- From the central committee based in Washington, the March for Science has risen in response to the Trump Government's various anti-science policies that include a gag order on federal science agencies; scaling back funding and scope for important research and regulatory bodies like the Environmental Protection Agency; and other threats to science operations, including the peer review process. Trump's policies have already had global ramifications, with hundreds of science agencies responding to the now-revised Executive Order that temporarily bans visas and immigration, targeting selected Muslim-majority nations.
- Given online discussions with committee members in different American cities and in other parts of the world such as Australia and New Zealand, it seems the "satellite marches" are taking divergent approaches to planning and logistics. This seems especially the case when it comes to issues of diversity. This is unsurprising, given that the central committee has been creating colossal problems in equity, accessibility and inclusion. With many underrepresented scientists having been turned away after volunteering their expertise, and other minority scholars pointing out various flaws in communications, March for Science has been alienating many researchers who value diversity.
- From January to early March, the central organisers had been taken to task for ongoing equity and access issues and its general mismanagement of diversity. Most recently, there had been a series of back to back problems and push-back on diversity. Amidst this sensitive context, March for Science Los Angeles took a stand. It's too bad that it decided to side with exclusionary elements of the central march.

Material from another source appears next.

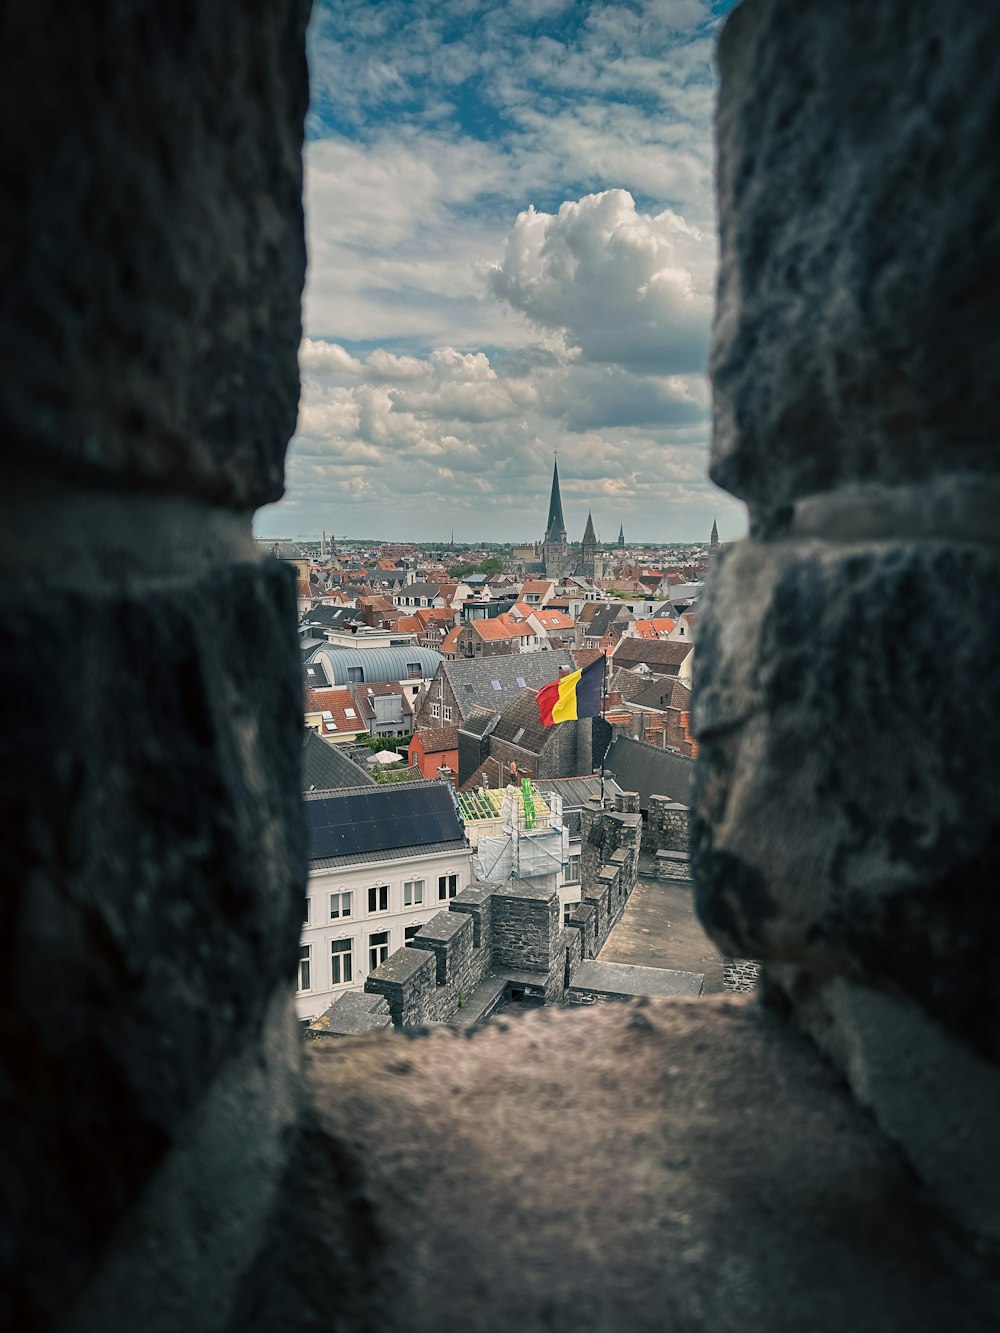 a view of a city through a stone window

- What follows is a classic case of a moral panic: it began with testing the boundaries of acceptable xenophobia, followed by denial after the scientific community called out the scaremongering. Before we get to the events in early March 2017, let's get some context. What is a moral panic?
- Sociologists have been studying moral panics in one way or another since our discipline started. A moral panic traditionally refers to social fear that becomes attached to everyday behaviour. Moral panics can emerge from seemingly mundane behaviour. For example, migrant-background youth hanging out in a public place like a shopping centre, even when they are doing nothing wrong, can give rise to a moral panic about "ethnic gangs." Despite its unscientific origins, this perception is then in turn used to justify over policing of migrant youth. Moral panics can also be linked to social stigma about so-called "deviant" people (like those with drug dependencies), minorities (such as ethnic, racial or religious groups), or disadvantaged people (such as single mothers or people who are homeless).
- Moral panics about the "deviance" of marginalised or vulnerable groups actually justify existing power relations and they maintain the dominance of some groups over others.
- Moral panics centre on "folk devils" - a group that is seen to be responsible for an undesirable outcome. For example, there are several moral panics about poor people, such as the perception that they are more likely to be bad parents who are on drugs. Sociology shows that moral panics are often wrong, but still have negative consequences on social policies and responses for stigmatised groups.
- Research shows, for example, that middle class parents actually engage in substance abuse at higher levels than poor people. Yet poor people are more likely to be policed and to have their children removed as a consequence. Similarly, moral panics about Indigenous people are historical. The idea that Indigenous people are unfit parents is not reflected in research. Yet in 2007, the Australian government sent the military to restrict the autonomy of Indigenous communities in remote areas of the Northern Territory. To this day, Indigenous children are removed from their families at over nine times the rate of non-Indigenous children. All of this is the outcome of historical moral panics about Indigenous people. Non-Indigenous responses to Indigenous people are based on racist and irrational fear of difference.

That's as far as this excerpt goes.